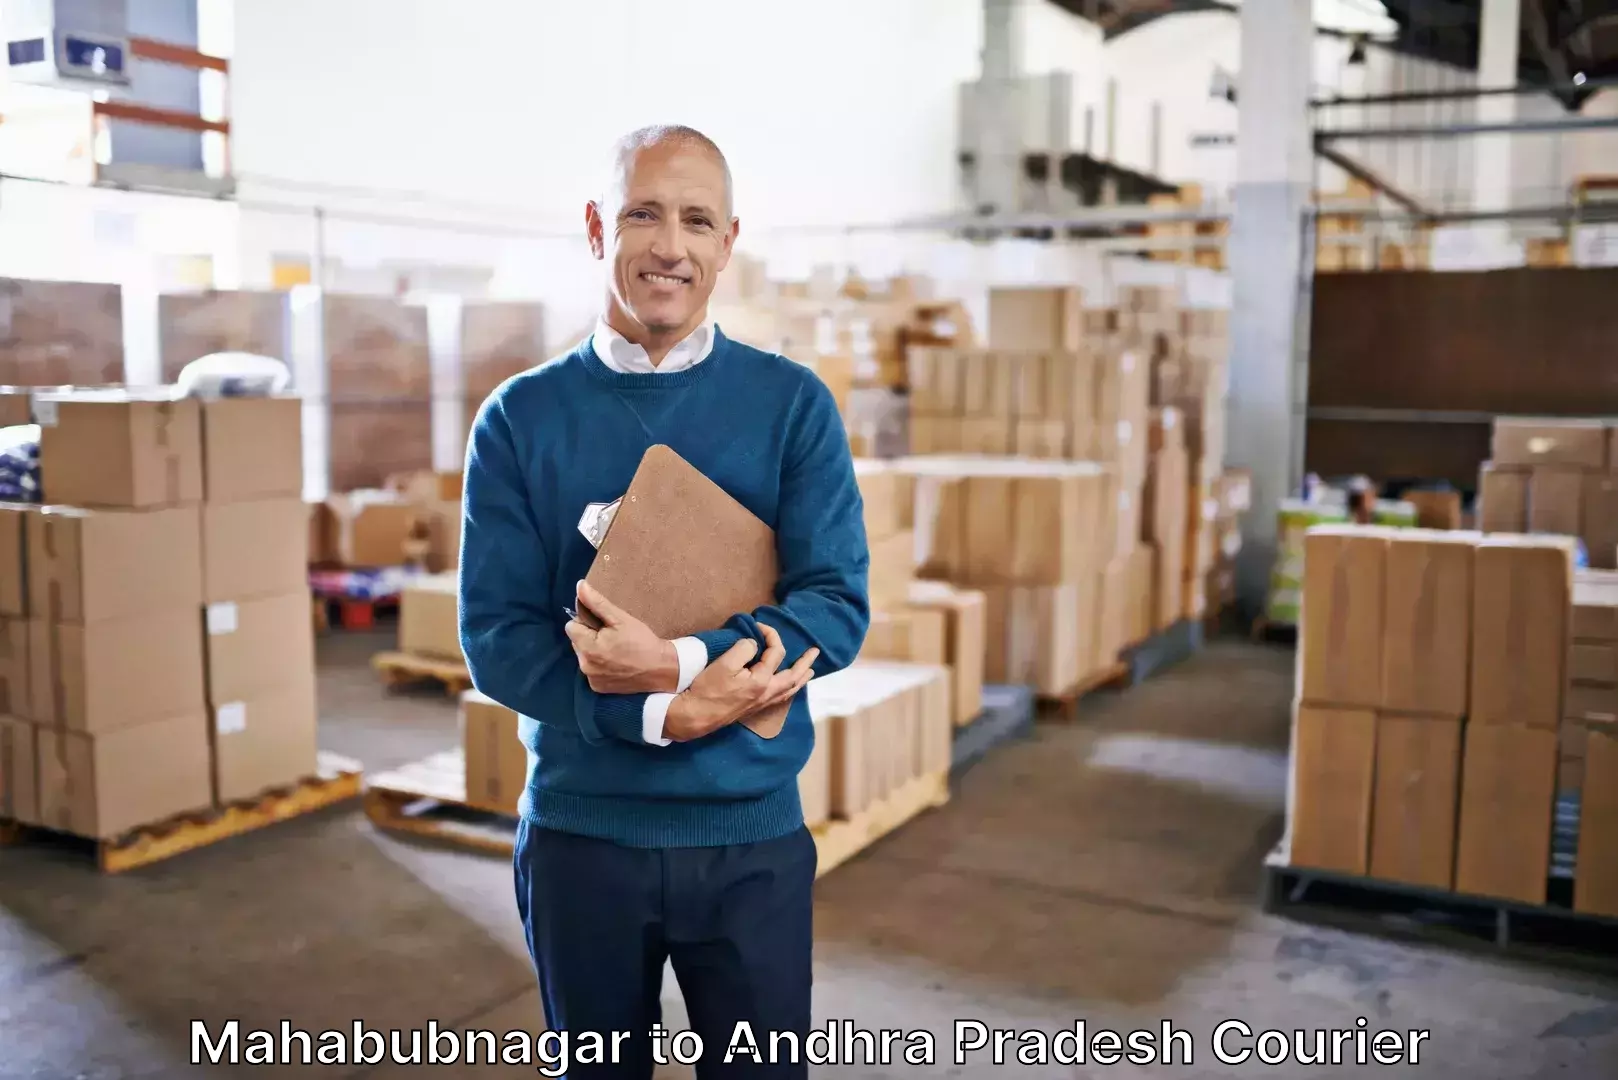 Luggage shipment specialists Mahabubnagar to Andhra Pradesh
---
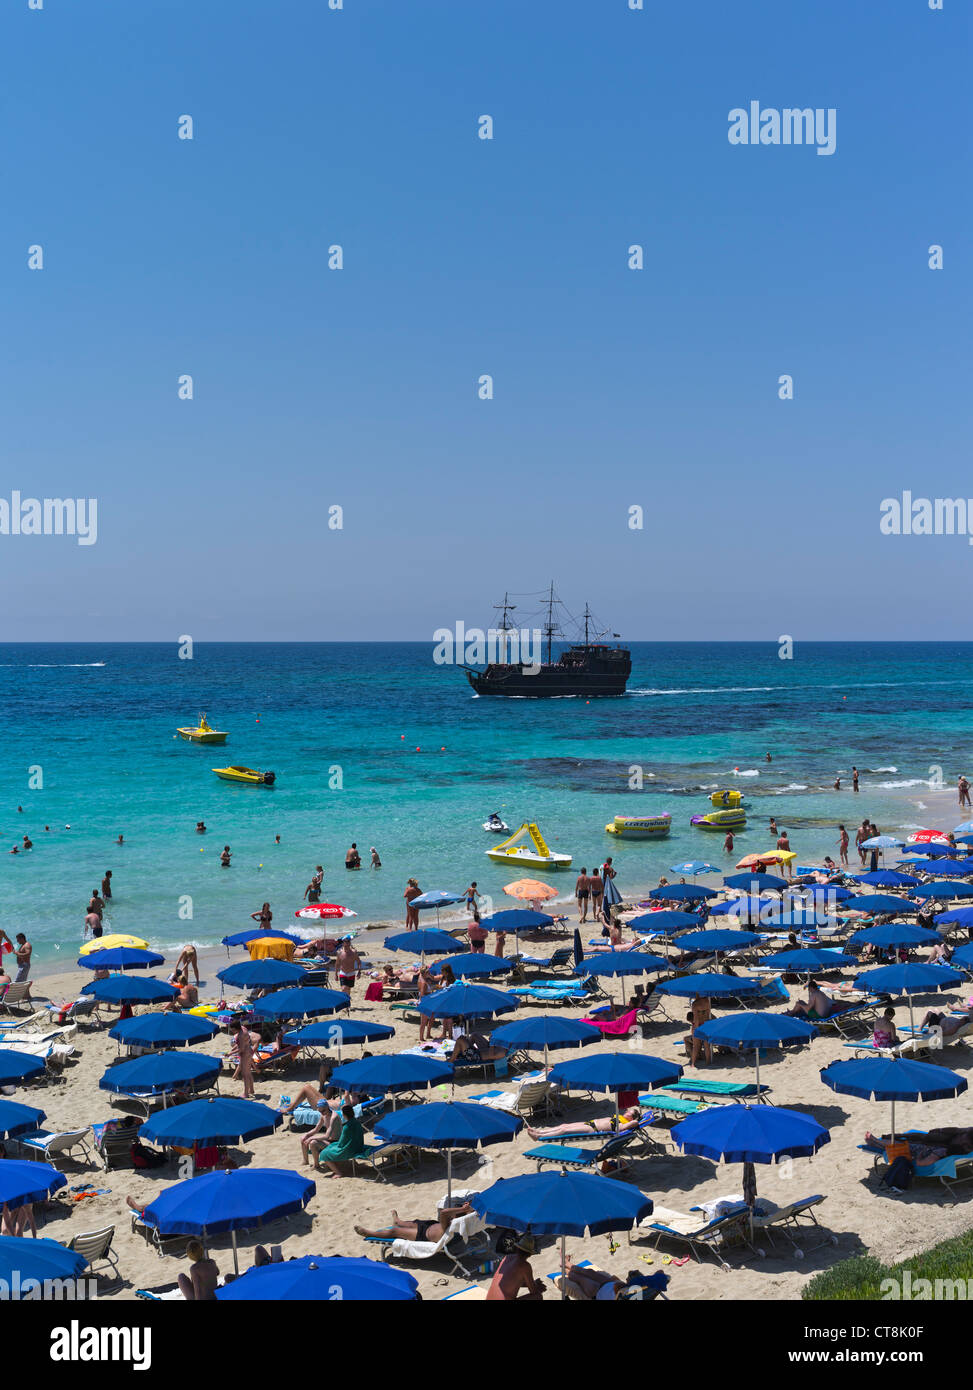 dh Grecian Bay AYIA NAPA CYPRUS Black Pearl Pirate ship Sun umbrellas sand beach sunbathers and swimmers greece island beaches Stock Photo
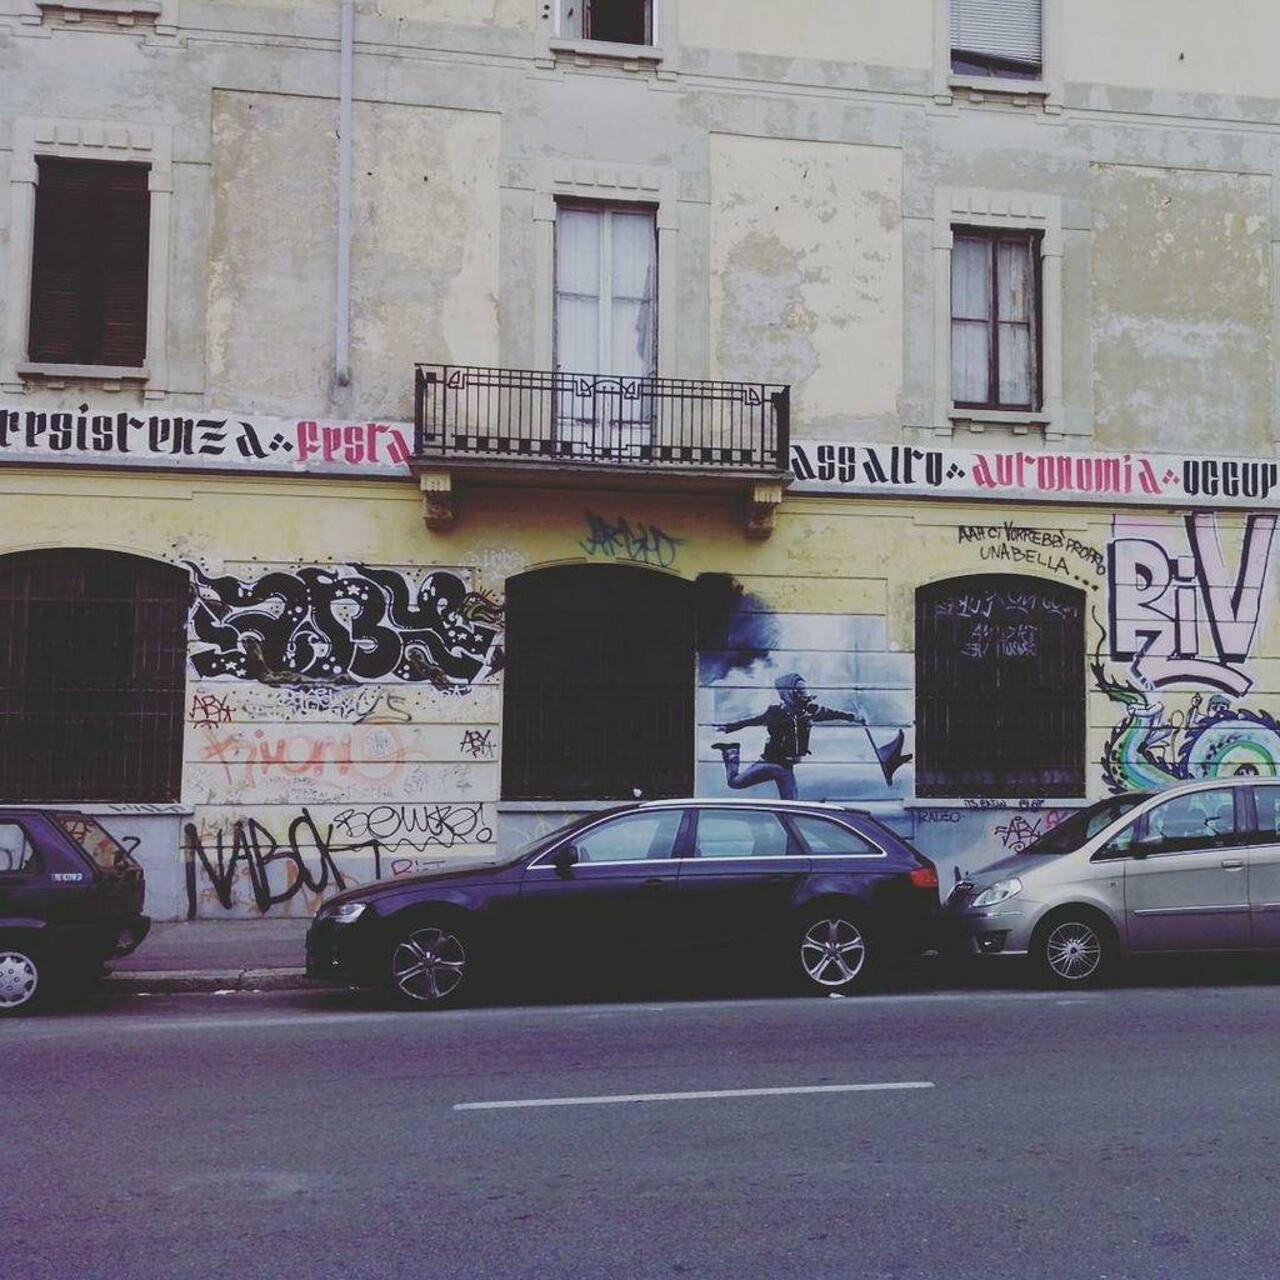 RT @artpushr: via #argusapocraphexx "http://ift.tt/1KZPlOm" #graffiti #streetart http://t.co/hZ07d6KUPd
* * *
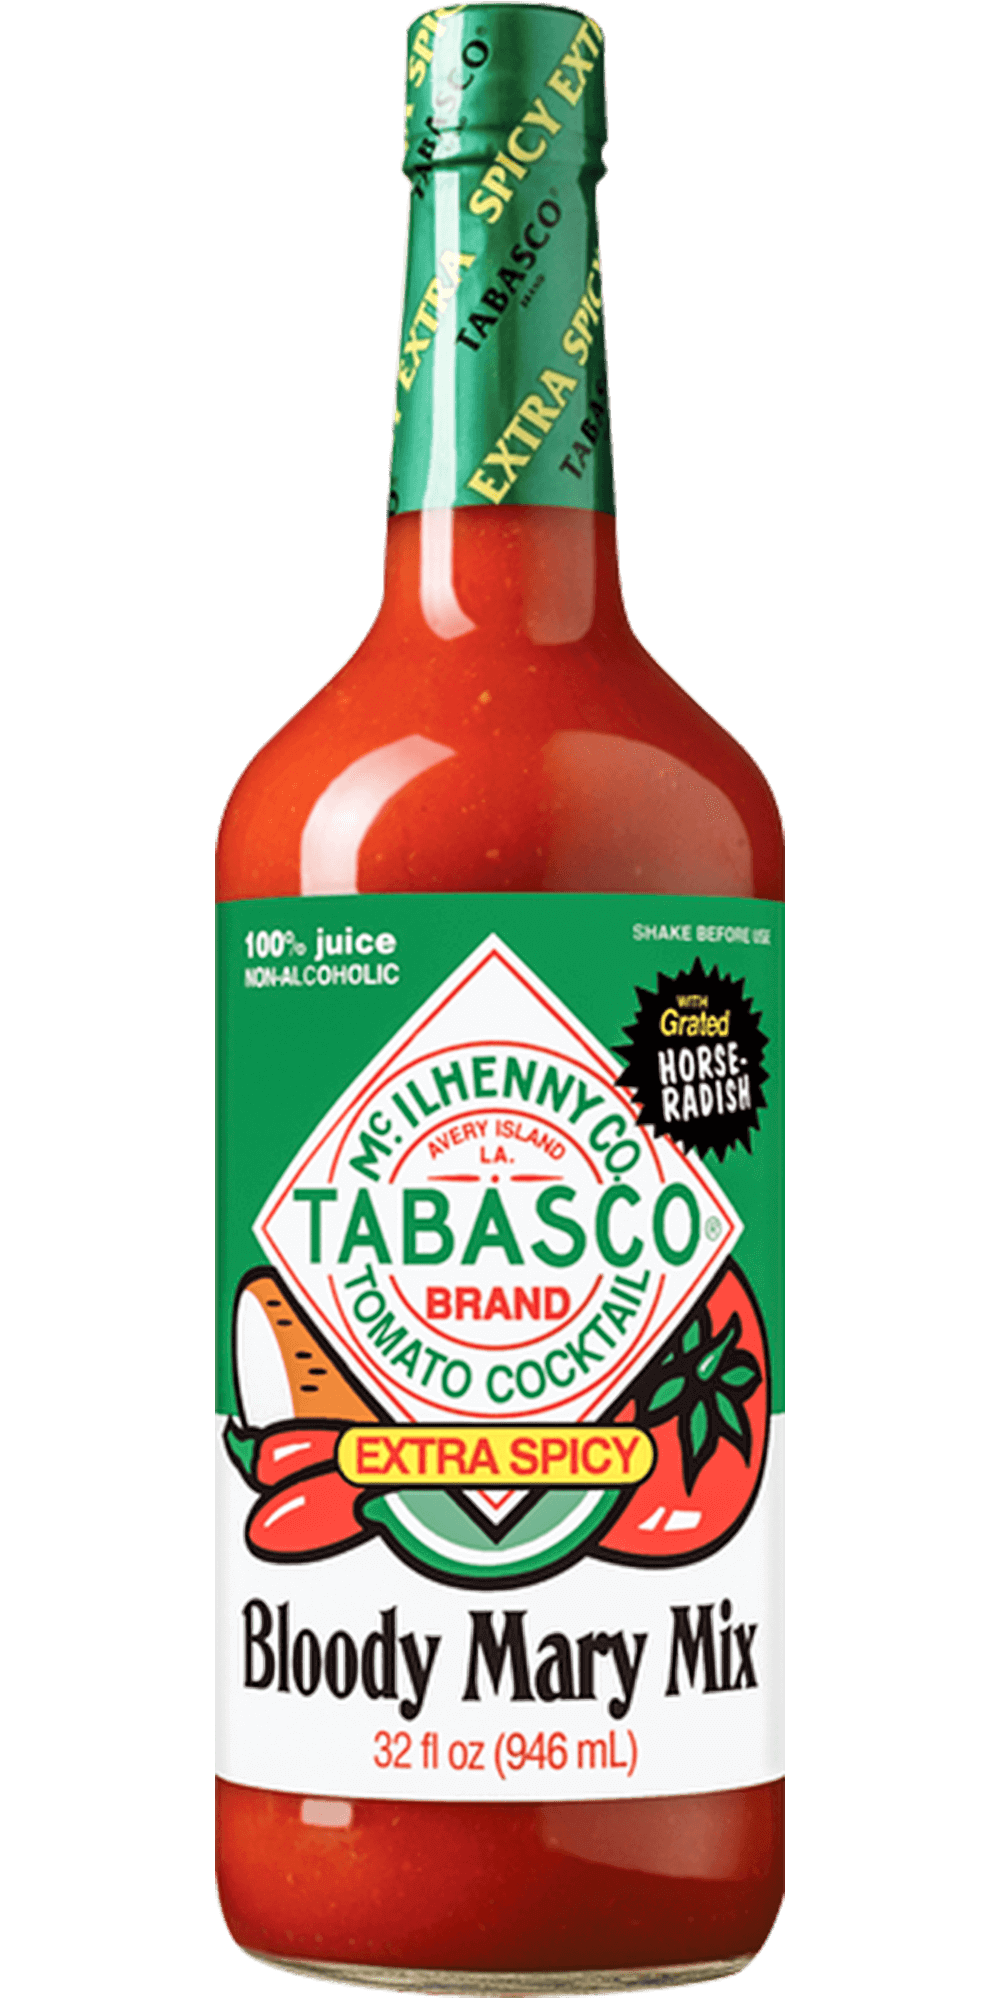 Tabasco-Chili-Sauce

# What you have to do
Print exactly the lines above that run from the one with "dh Grecian Bay" to the one with "RT @artpushr: via", both included. No pictures.

# Answer area
 dh Grecian Bay AYIA NAPA CYPRUS Black Pearl Pirate ship Sun umbrellas sand beach sunbathers and swimmers greece island beaches Stock Photo
 RT @artpushr: via #argusapocraphexx "http://ift.tt/1KZPlOm" #graffiti #streetart http://t.co/hZ07d6KUPd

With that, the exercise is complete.